- Barlow Building
- U.S. National Register of Historic Places
- Location: 211 W. Holly St. Bellingham, Washington
- Coordinates: 48°45′2″N 122°28′52″W﻿ / ﻿48.75056°N 122.48111°W
- Built: 1892
- Architect: Jim Macy
- Architectural style: Revival
- NRHP reference No.: 04001371
- Added to NRHP: December 15, 2004

= Barlow Building =

The Barlow Building is a historical building located in downtown Bellingham, Washington. The building was completed in 1892. It is one of the oldest and best examples of a single-story commercial buildings still standing in Bellingham's business district. It was added to the National Register of Historic Places in 2004.

==History==

The building was commissioned by Philip Baum and opened in 1892 as a grocery store. The space was later taken over by Morgan & Matthes Grocery, run by Jenkin Morgan and Otto L. Matthes. The duo also owned another grocery store in the Fairhaven neighborhood. The store closed in 1904.

After this, the building became a saloon named The Crown, run by Eddie Anderson. Ownership of the bar later transferred to Michael Schneider. From 1909 to 1910, the bar was owned by Walter K. Martin. In 1910, the bar closed due to mounting pressures from the temperance movement in Washington.

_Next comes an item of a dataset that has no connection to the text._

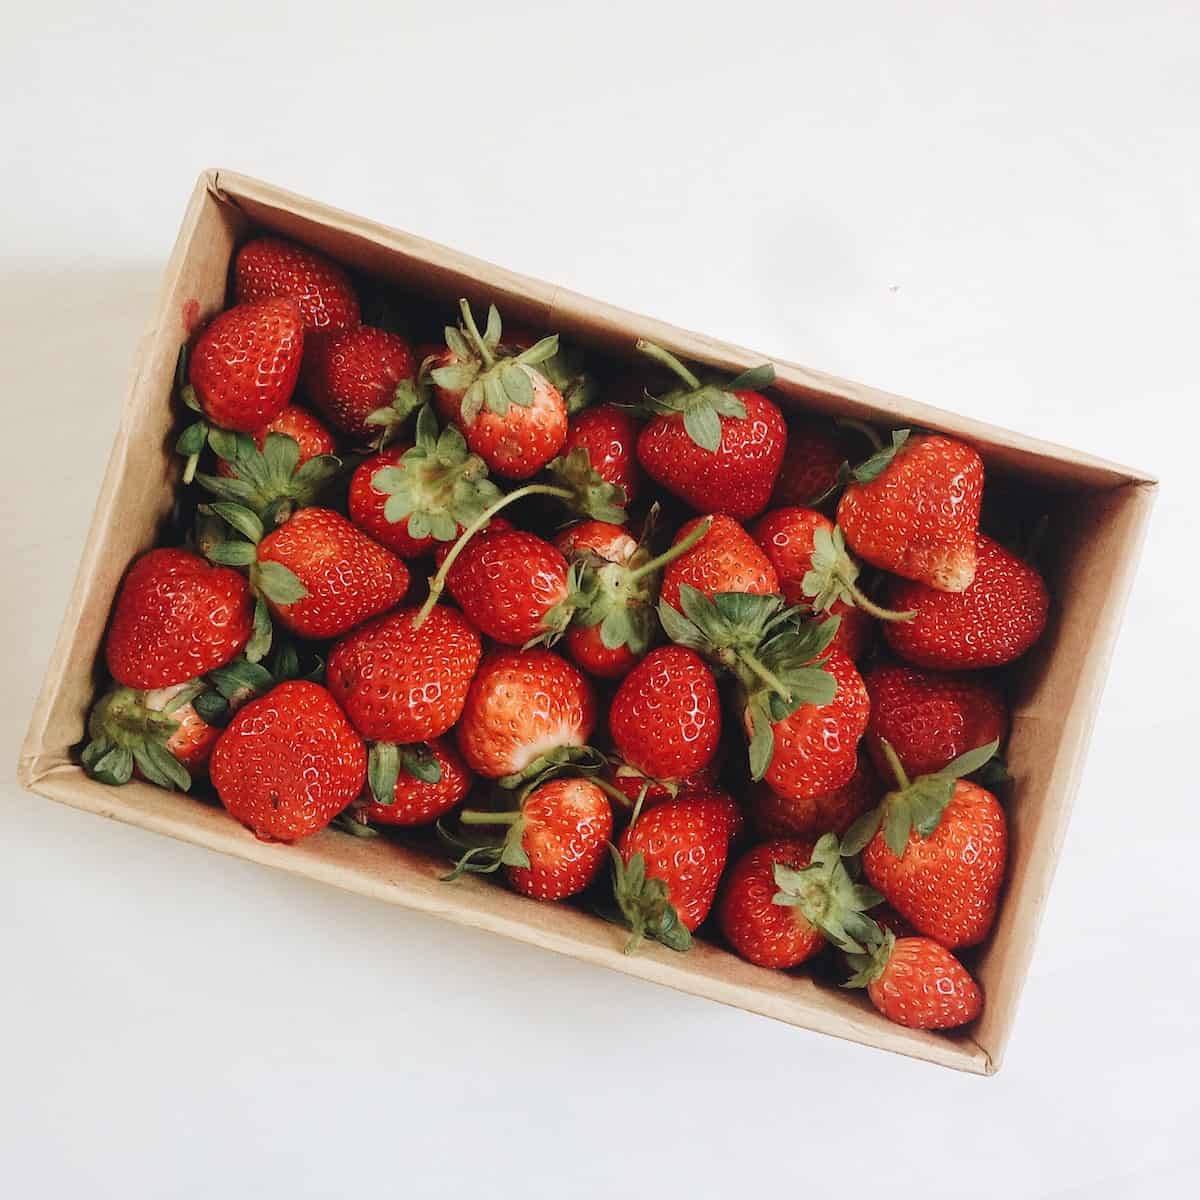 strawberries in white rectangular box

The building was vacant until 1913 before it was bought by Clifford Barlow, who became the namesake of the building. Before moving to this building, he had previously operated his business at 307 Holly St. The store sold a number of leather specialty goods, such as luggage. Barlow remodeled the facade of the building in 1925, featuring marble and brick detailing that was common of art deco architecture. The roof of the building was repaired in 1929 and again in 1939. Barlow operated his business in the building before dying in 1954. The store closed in 1959.

The building was vacant until 1962, when the Bellingham Hardware Company moved in. By 1968, a beauty school named the Bellingham Beauty School operated in the building. The school was owned by Mike and Cis Kennard. In 1977, the roof was again remodeled. The beauty school remained as the tenant of the building until 2003, when it was bought by Daylight properties for $342,500. The beauty school relocated to a spot closer to Whatcom Community College. Daylight undertook major restoration efforts, restoring the art deco exterior of the building to how it looked according to a 1929 photograph.

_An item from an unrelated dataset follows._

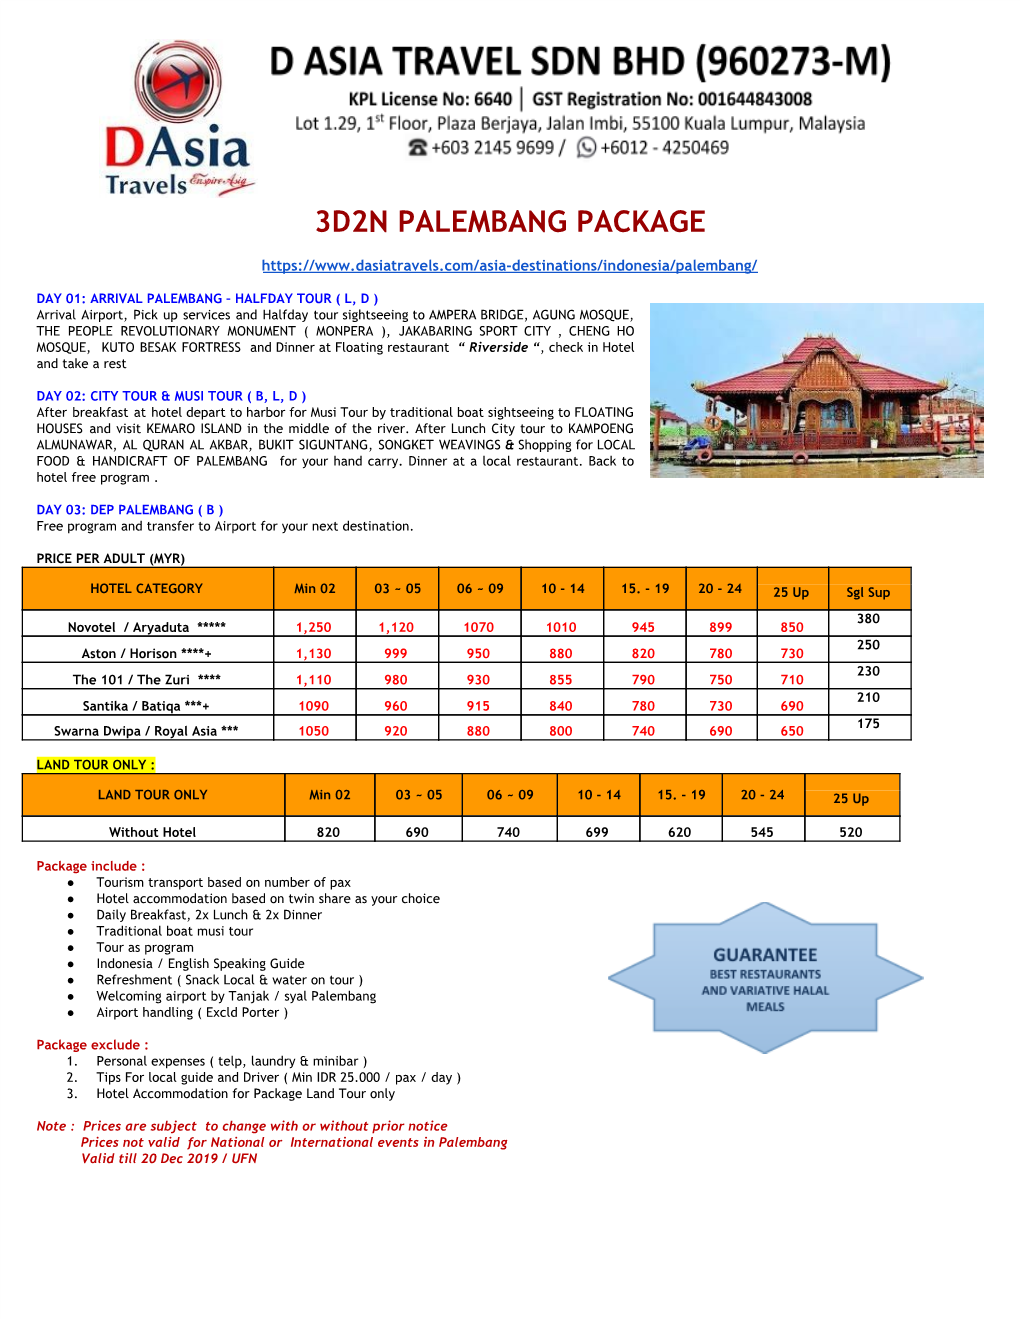 3D2n Palembang Package

The building was added to the National Register of Historic Places on December 15, 2004. From 2004 to 2016, a video rental store named Film is Truth operated from the building. In 2016, a restaurant named Goat Mountain Pizza opened in the space. The restaurant was founded in 2012 by owner Chas Kubis. In 2019, Goat Mountain closed when the building underwent renovations. A restaurant named Black Sheep, also owned by Kubis, expanded into the space. As of 2024, Black Sheep remains in this space.